You already have a build server up and running? Your code gets compiled and tested in a continuous way? You now want to take this one step further and automate your deployment? Let me introduce you TFS Deployer:

TFS Deployer is a free tool available at Codeplex. It must be installed as an agent in your test and production environments and supports the execution of PowerShell scripts when an event happens in TFS. In particular it listens to build quality change notifications which occur when you change the quality of a build under the Team Builds node of Team Explorer.

How does it work?

The way it works is that when TFS Deployer starts up, the service subscribes to the build quality change event notification (1).

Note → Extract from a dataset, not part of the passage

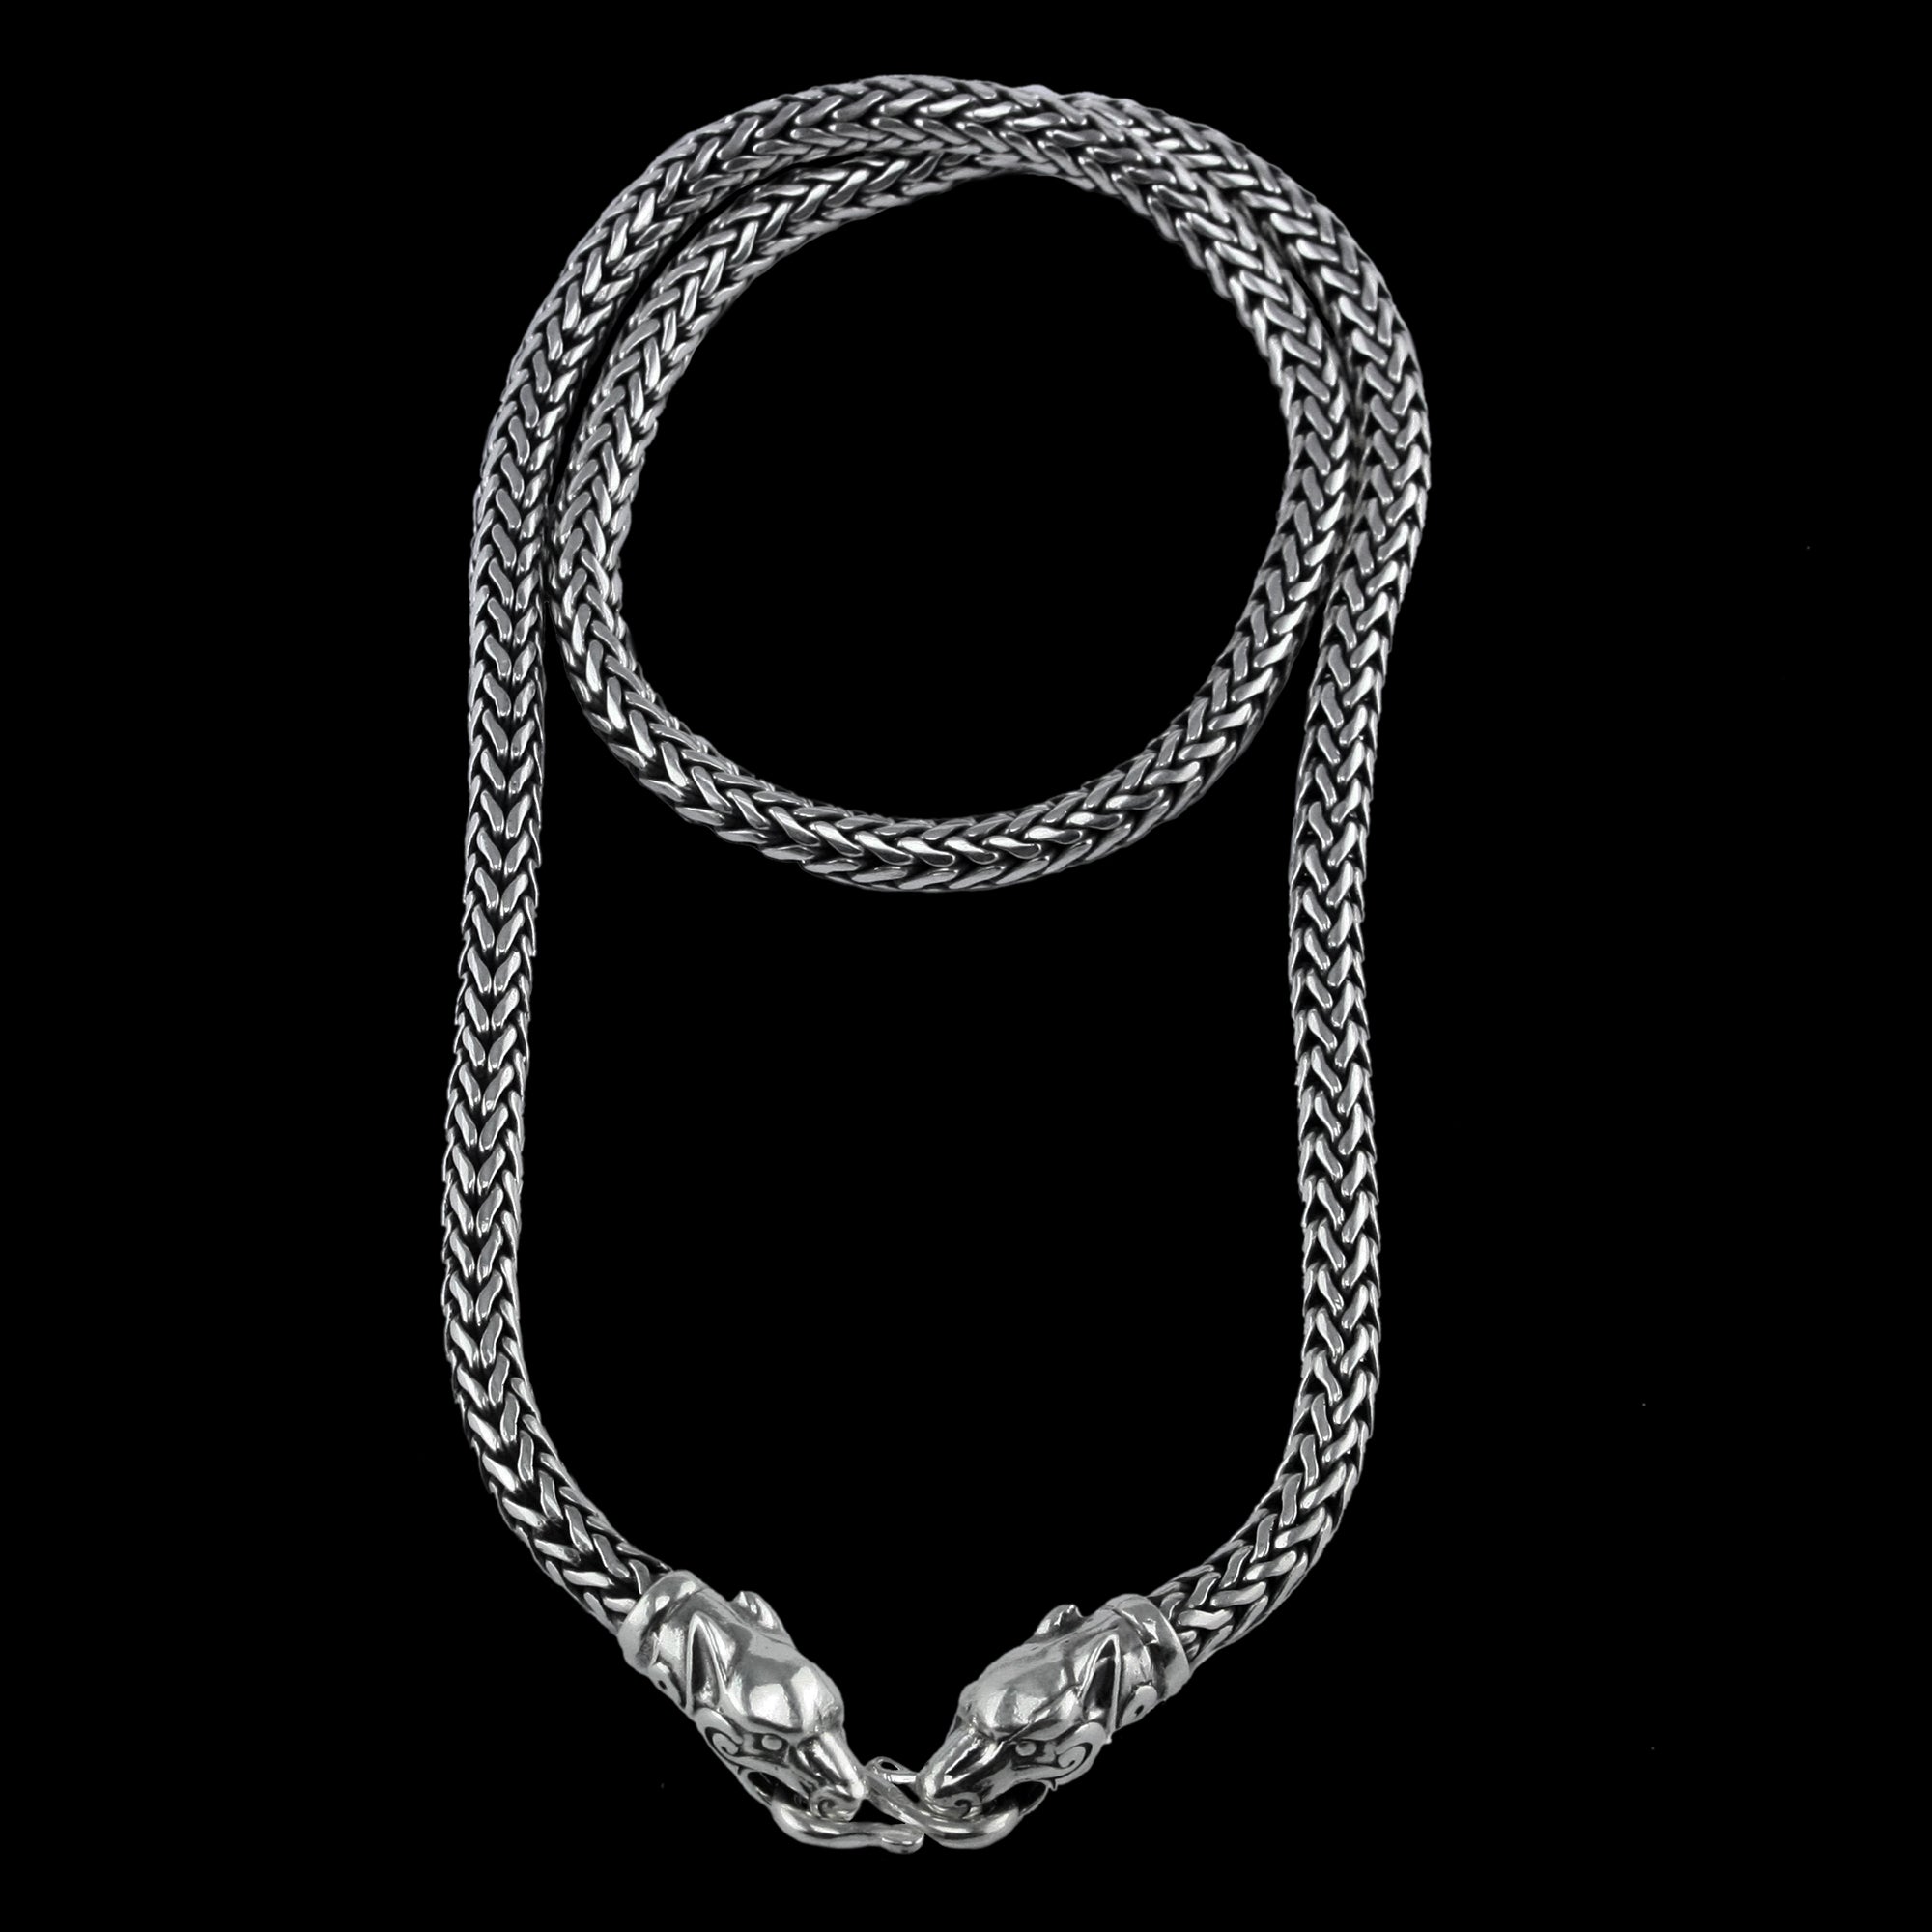 5mm Silver Snake Chain Necklace with Ferocious Wolf Heads

Then the release manager, using Team Explorer updates the build quality indicator in the build store via Team Explorer (2), the build quality change event is fired (3), the TFS event service then looks up who is subscribed to the event (4) and then TFS Event Service notifies the subscribers of the Build Quality Change Event - in this case TFS Deployer is notified (5). You can have one or more TFS Deployer installations listening across multiple target machines. When TFS Deployer is notified it doesn’t initially know whether it needs to do anything. To determine this it grabs a deployment mapping file from a well known location in the version control store (6).

The deployment mapping file lists out each of the servers and what that server should do in the event that a build is transitioned from quality state to another. What happens is encapsulated in a PowerShell script file (*.ps1) and once that script file is identified TFS Deployer will instantiate a PowerShell host environment and execute the script (7).